Obtaining a transformation

With basics about the method out of the way, let's take a look at how we can obtain a feature transformation using the provided algorithms.

$\texttt{OAVI}$ transformation

To obtain a simple transformation, one can proceed to follow the steps presented earlier. As explained, however, we recommend tweaking a couple of parameters to achieve better results. The two main arguments this applies to are $\psi$, the vanishing parameter, under the keyword psi and $\varepsilon$, the accuracy to which the oracle solves the problem, under the keyword epsilon. These are by default psi=0.1 and epsilon=1.0e-7. Let's say we want to use psi=0.005 and epsilon=1.0e-5, then the code should look as follows:

using ApproximateVanishingIdeals

X = your_data_set
transformed_data, sets = fit_oavi(X; psi=0.005, epsilon=1.0e-5)

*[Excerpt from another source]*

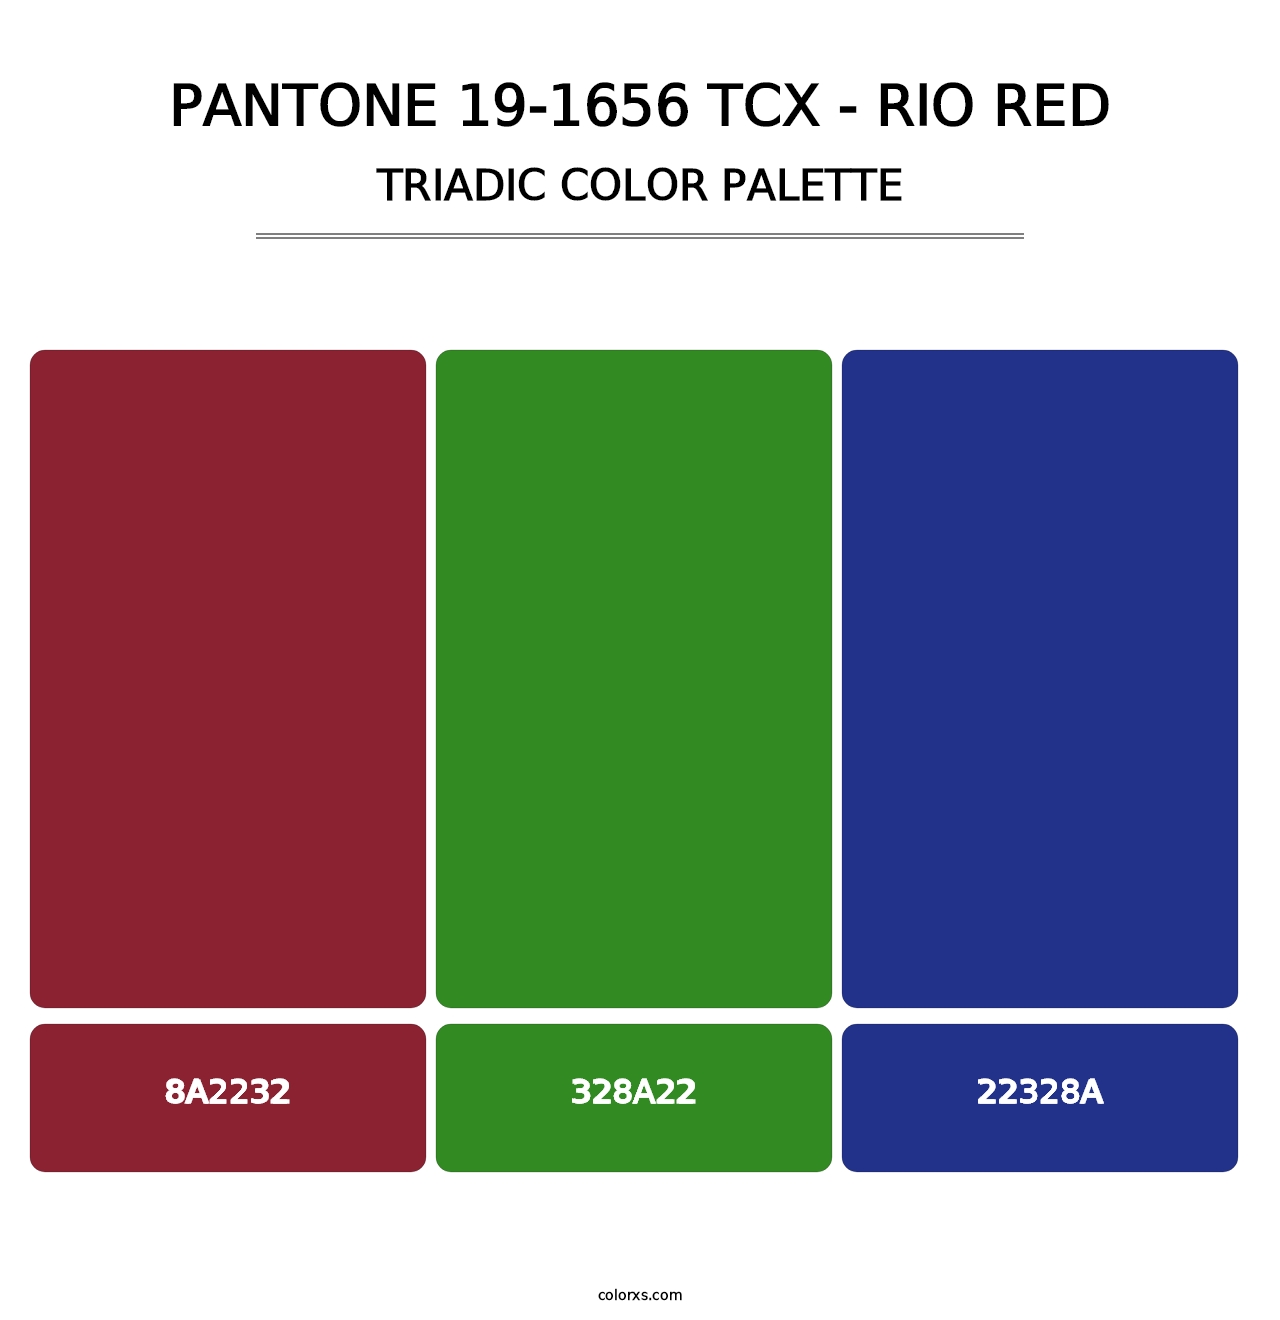 PANTONE 19-1656 TCX - Rio Red - Triadic Color Palette

While epsilon should be adjusted according to the solver used, or personal preference for that matter, the psi keyword has a direct influence on the degree of polynomials constructed. It was shown in Wirth, Kera and Pokutta (2022) that the algorithm terminates after having constructed polynomials of degree

\[D = \lceil -\log(\psi)/\log(4) \rceil,\]

if $\tau \ge (3/2)^D$. The tau parameter by default takes the value of this lower bound, but it is possible to adjust it if one wants to.

Different built-in Oracles

We previously alluded to three different oracles being available in the code, frank_wolfe, blended_conditional_gradient and blended_pairwise_conditional_gradient. The default option is frank_wolfe, which has the keyword arugment oracle="CG". The others can be accessed as follows:

# Standard Frank-Wolfe. Both these formulations are the same.
fit_oavi(X)
fit_oavi(X; oracle="CG")   

# Blended conditional gradients
fit_oavi(X; oracle="BCG")

# Blended pairwise conditional gradients
fit_oavi(X; oracle="BPCG")

Custom Oracles

It is also possible to provide your own oracle for solving the convex optimization problem. The code expects your constructor to work with the two variable arguments data and labels, which are the data matrix $A$, containing the evaluations of non-leading terms, and the label vector $b$, containing the evaluations of the current leading term candidate, found in $\|Ax + b\|^2$. Further, you can add your keyword arguments under oracle_kwargs. In the following few pages, we will show you how to construct a custom oracle by showing an example with an oracle from FrankWolfe.jl.

$\texttt{ABM}$

Through the keyword oracle we can also call the $\texttt{ABM}$ algorithm instead. This can be accessed as follows:

# Approximate Buchberger-Möller
fit_oavi(X; oracle="ABM")

$\texttt{VCA}$ transformation

Apart from $\texttt{OAVI}$ with its multiple different possibilities of running, we also provide an implementation of the $\texttt{VCA}$ algorithm introduced in Livni et al. (2013). The algorithm is implemented in fit_vca and a feature transformation based on $\texttt{VCA}$ can be obtained by calling

using ApproximateVanishingIdeals

X = your_data_set
X_transformed_vca, sets_vca = fit_vca(X)

Similar to $\texttt{OAVI}$, the vanishing parameter $\psi$ is adjustable for $\texttt{VCA}$ through the keyword psi. To the best of our knowledge, there is currently no similar guarantee on the degree of constructed polynomials for $\texttt{VCA}$ as there is for $\texttt{OAVI}$, but adjusting psi and comparing results is nonetheless recommended.